(SOURCE INFORMATION Opens)

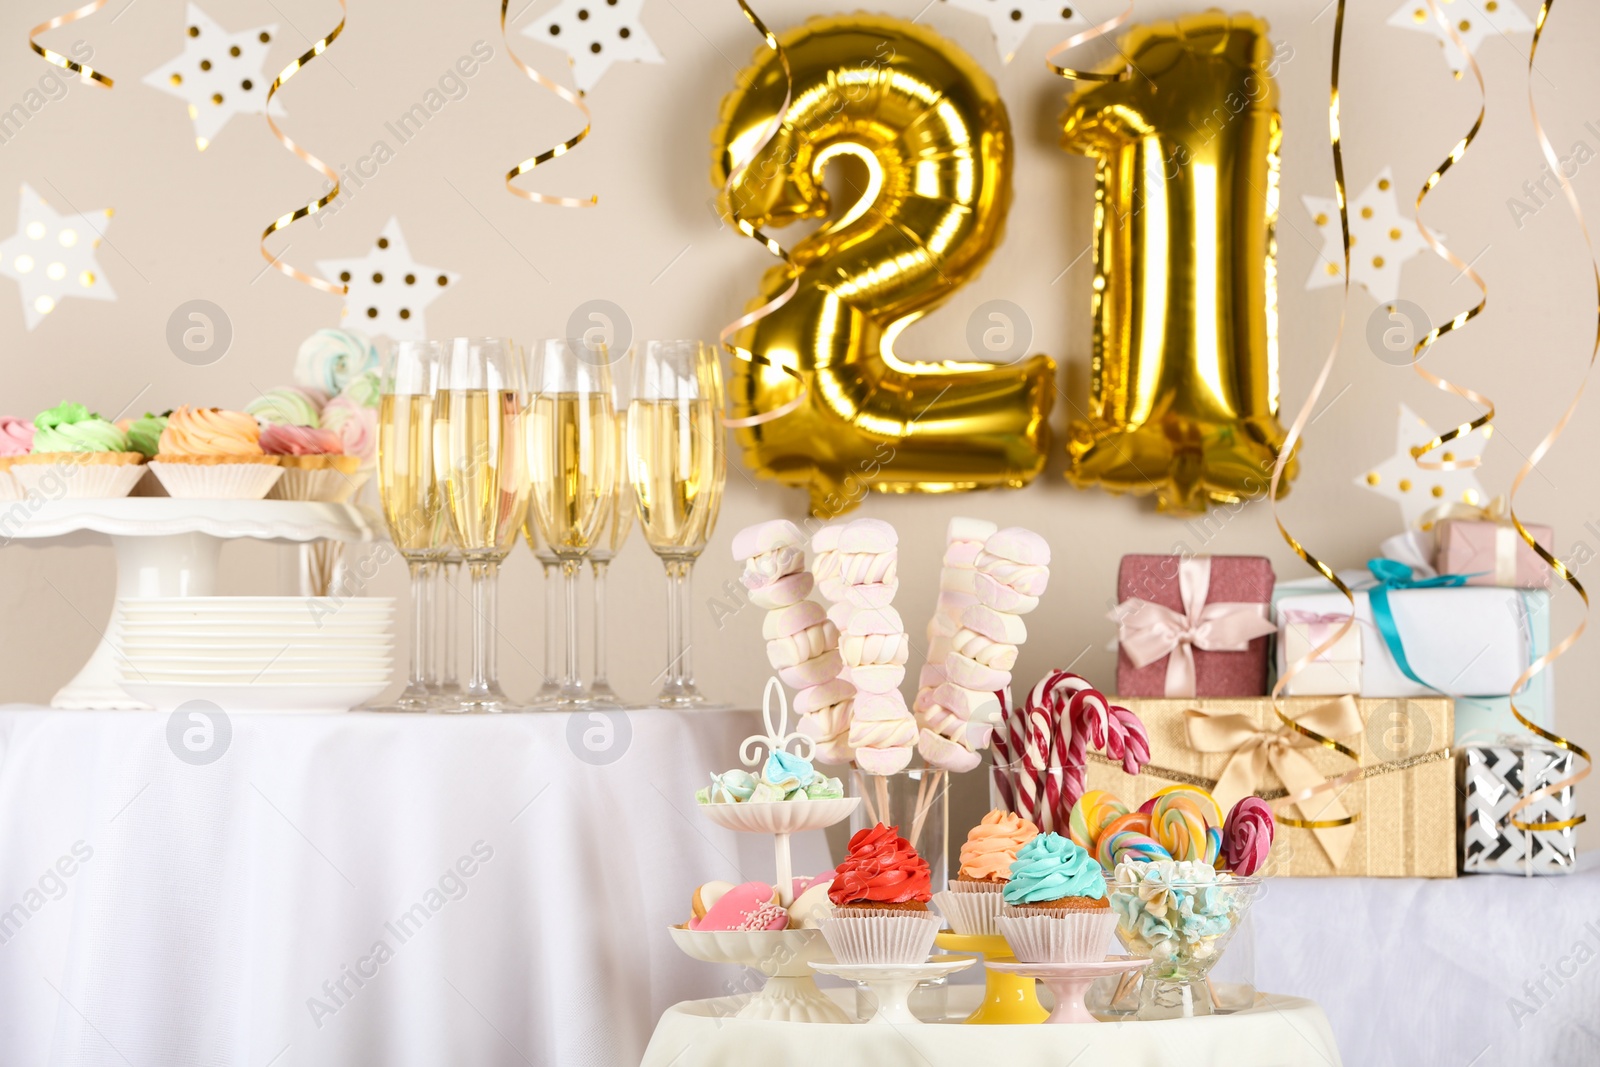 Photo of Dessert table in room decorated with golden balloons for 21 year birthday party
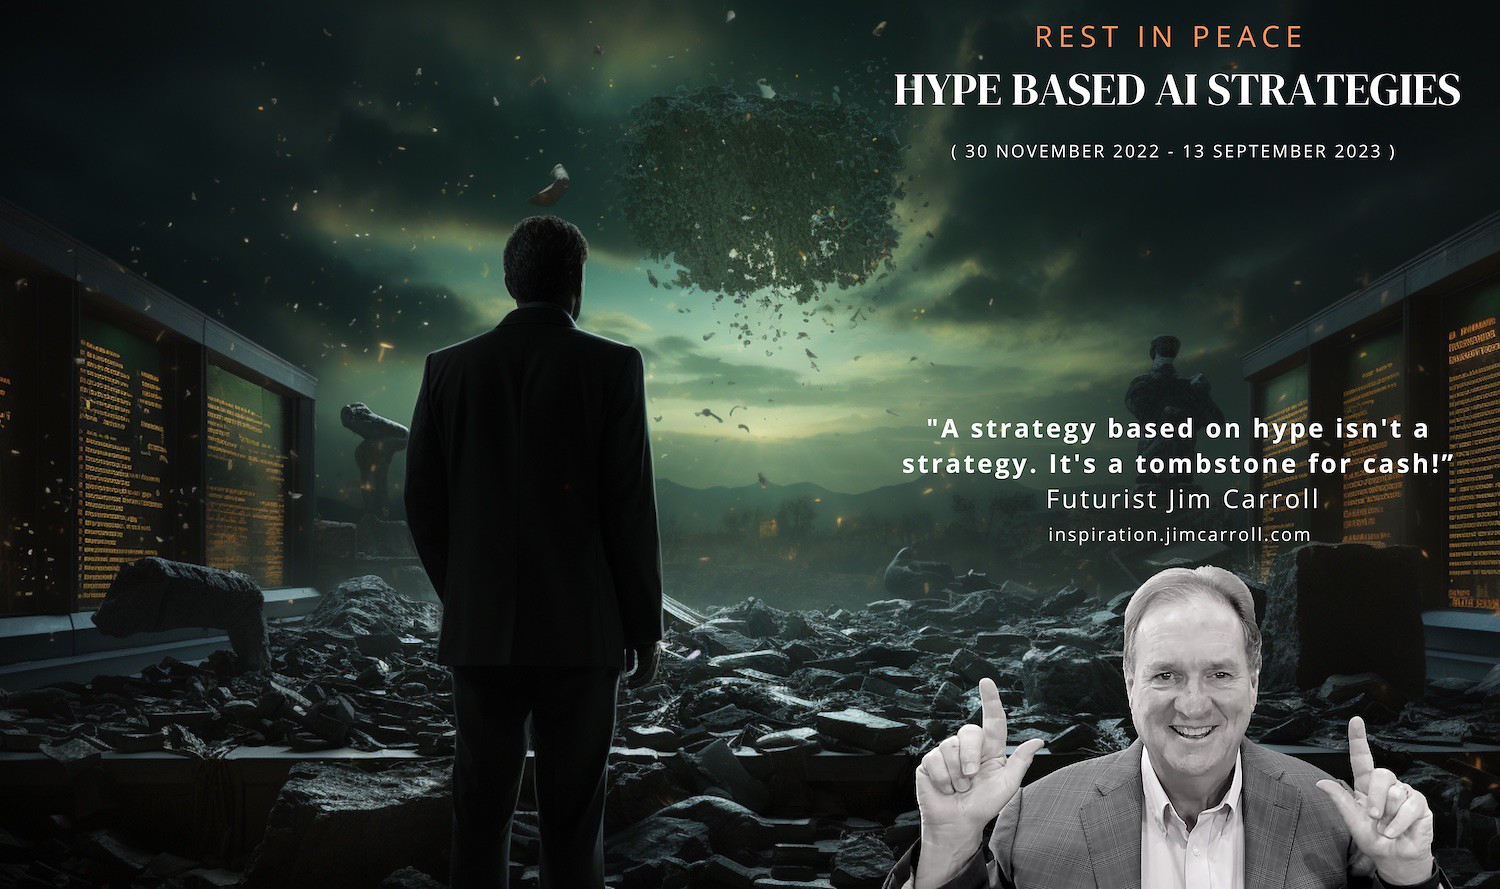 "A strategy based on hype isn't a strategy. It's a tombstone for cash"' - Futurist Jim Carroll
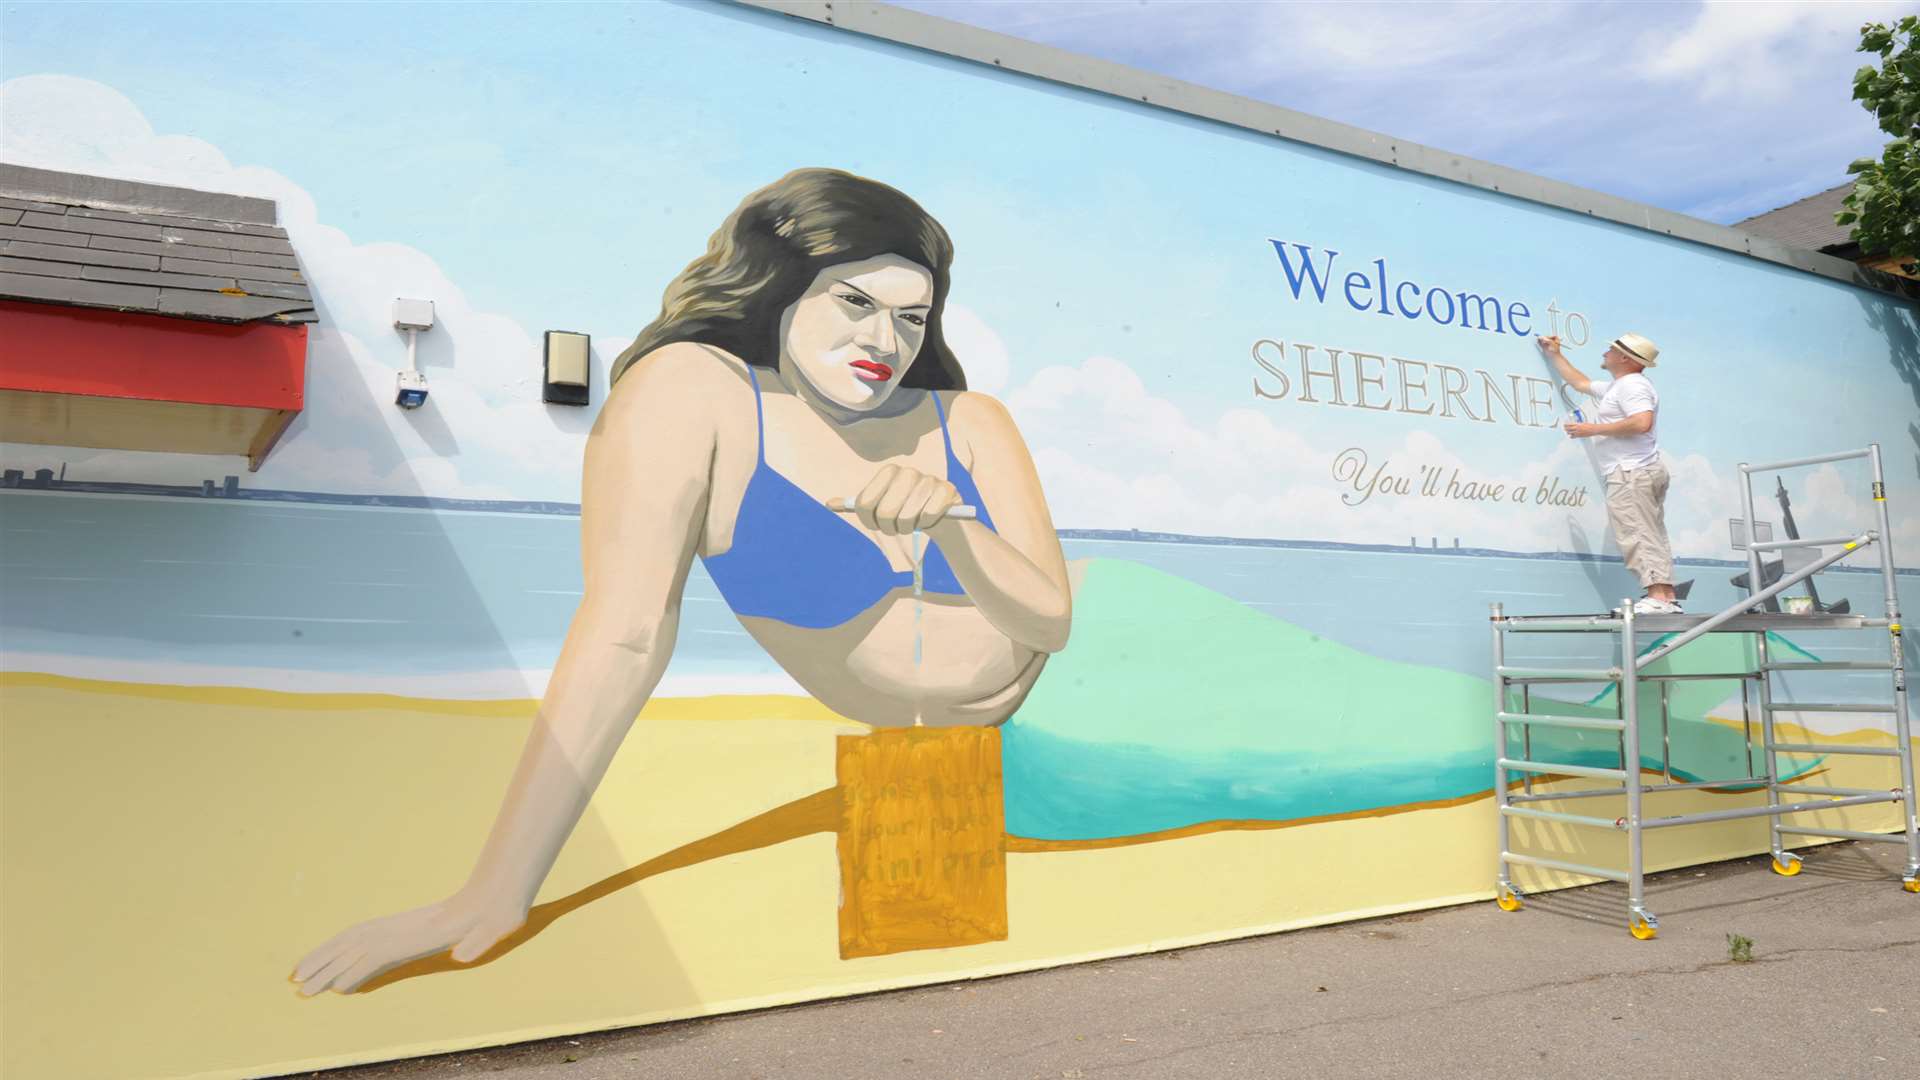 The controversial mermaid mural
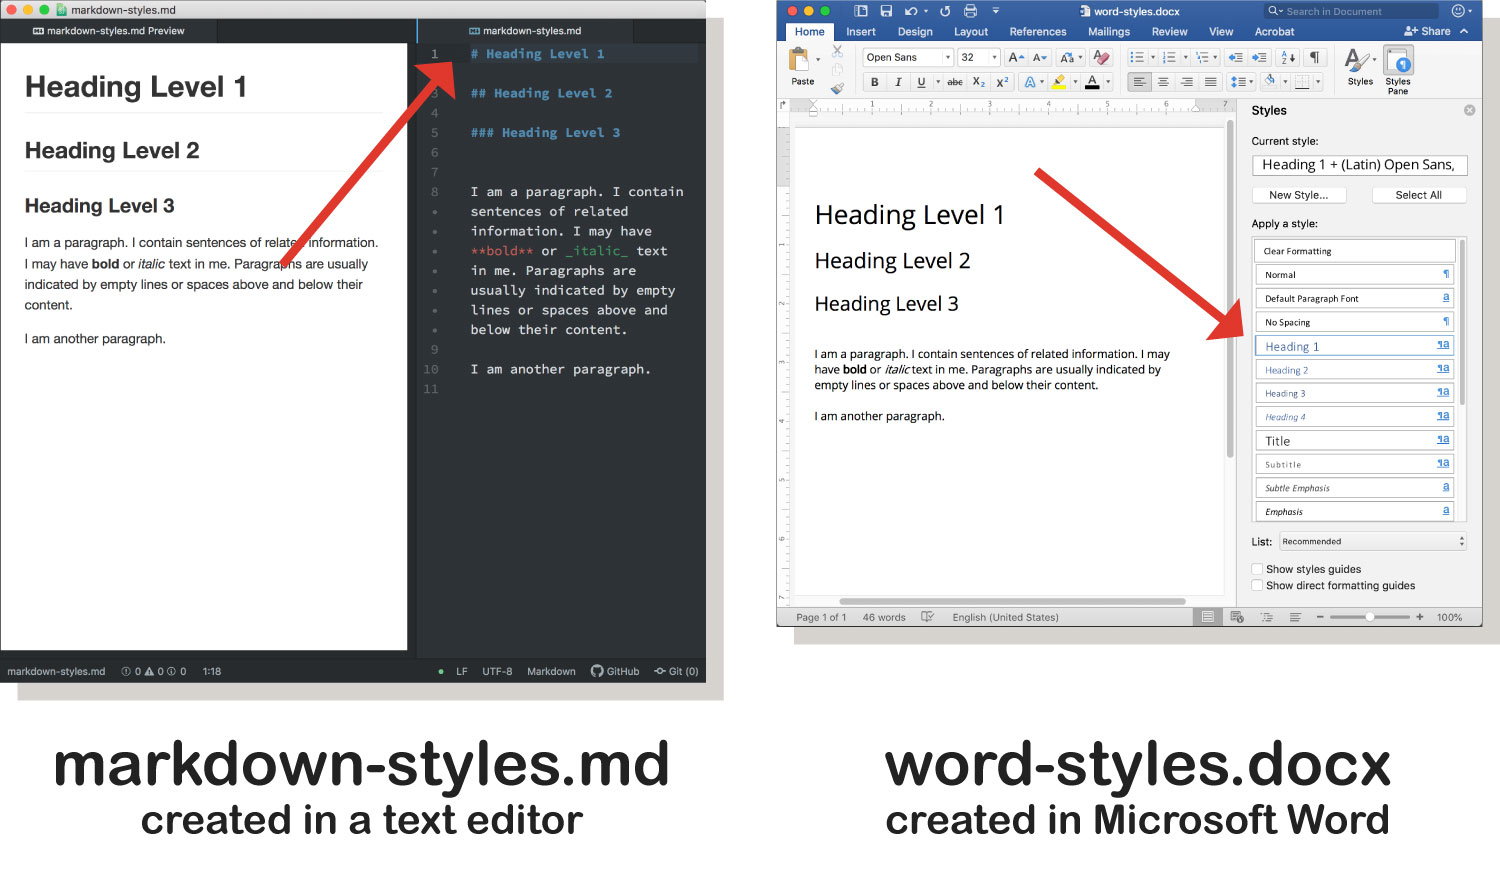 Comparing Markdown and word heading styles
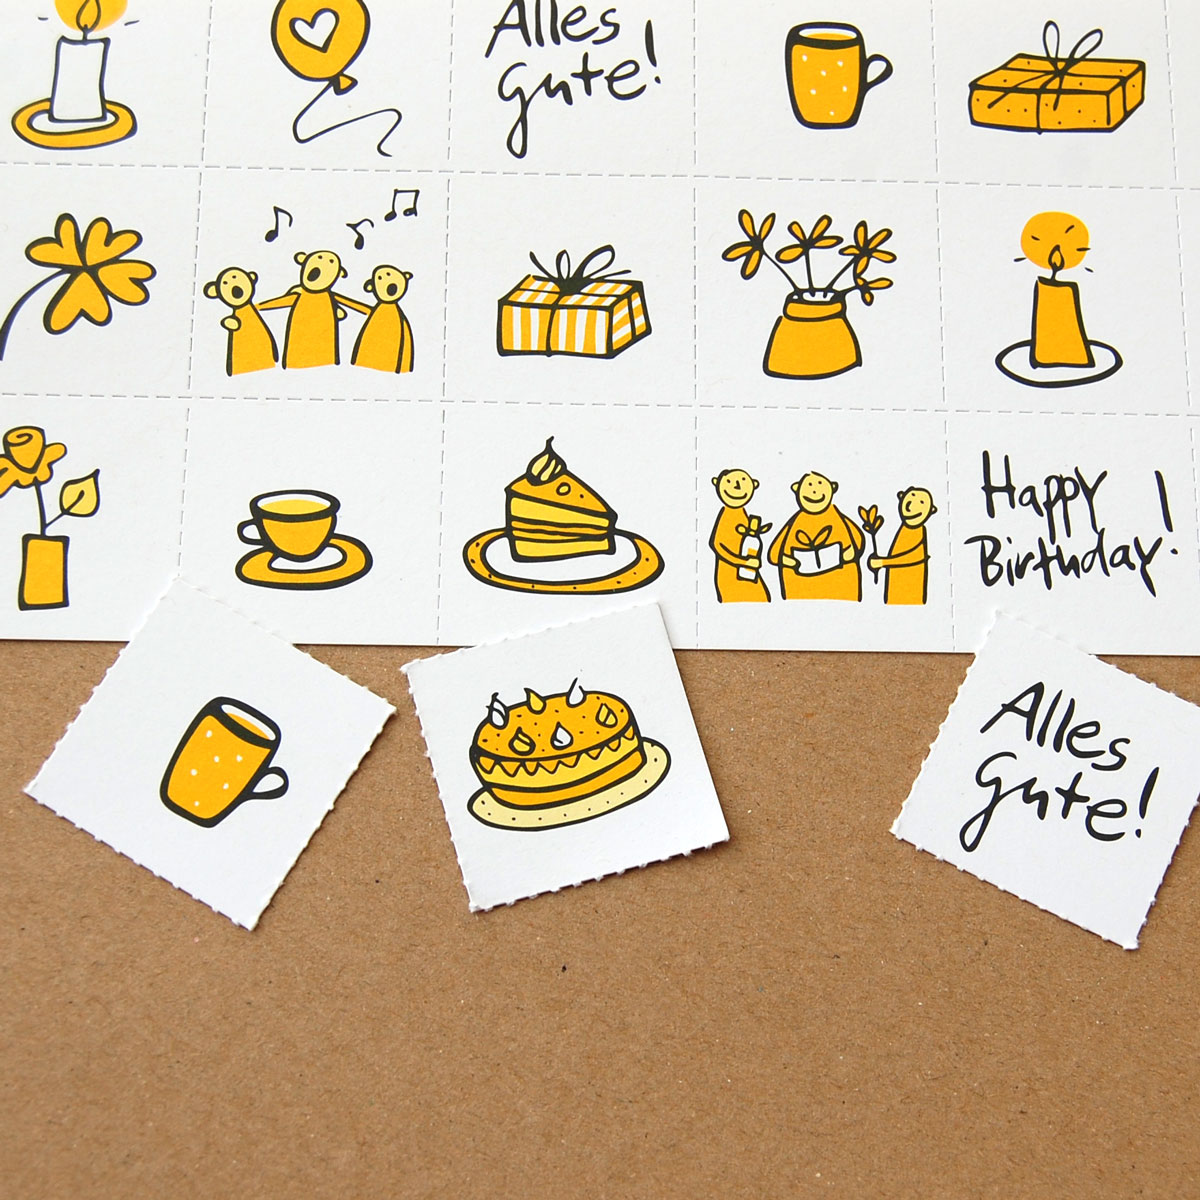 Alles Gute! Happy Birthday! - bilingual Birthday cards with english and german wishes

(SOURCE INFORMATION Closes)

§ **WHAT YOU HAVE TO DO**
Starting at the line that contains "Comparing Markdown and word heading styles", write out exactly each line through the last one in the listing above, leaving out the pictures and adding nothing else.

§ **ANSWER**
 Comparing Markdown and word heading styles
 Alles Gute! Happy Birthday! - bilingual Birthday cards with english and german wishes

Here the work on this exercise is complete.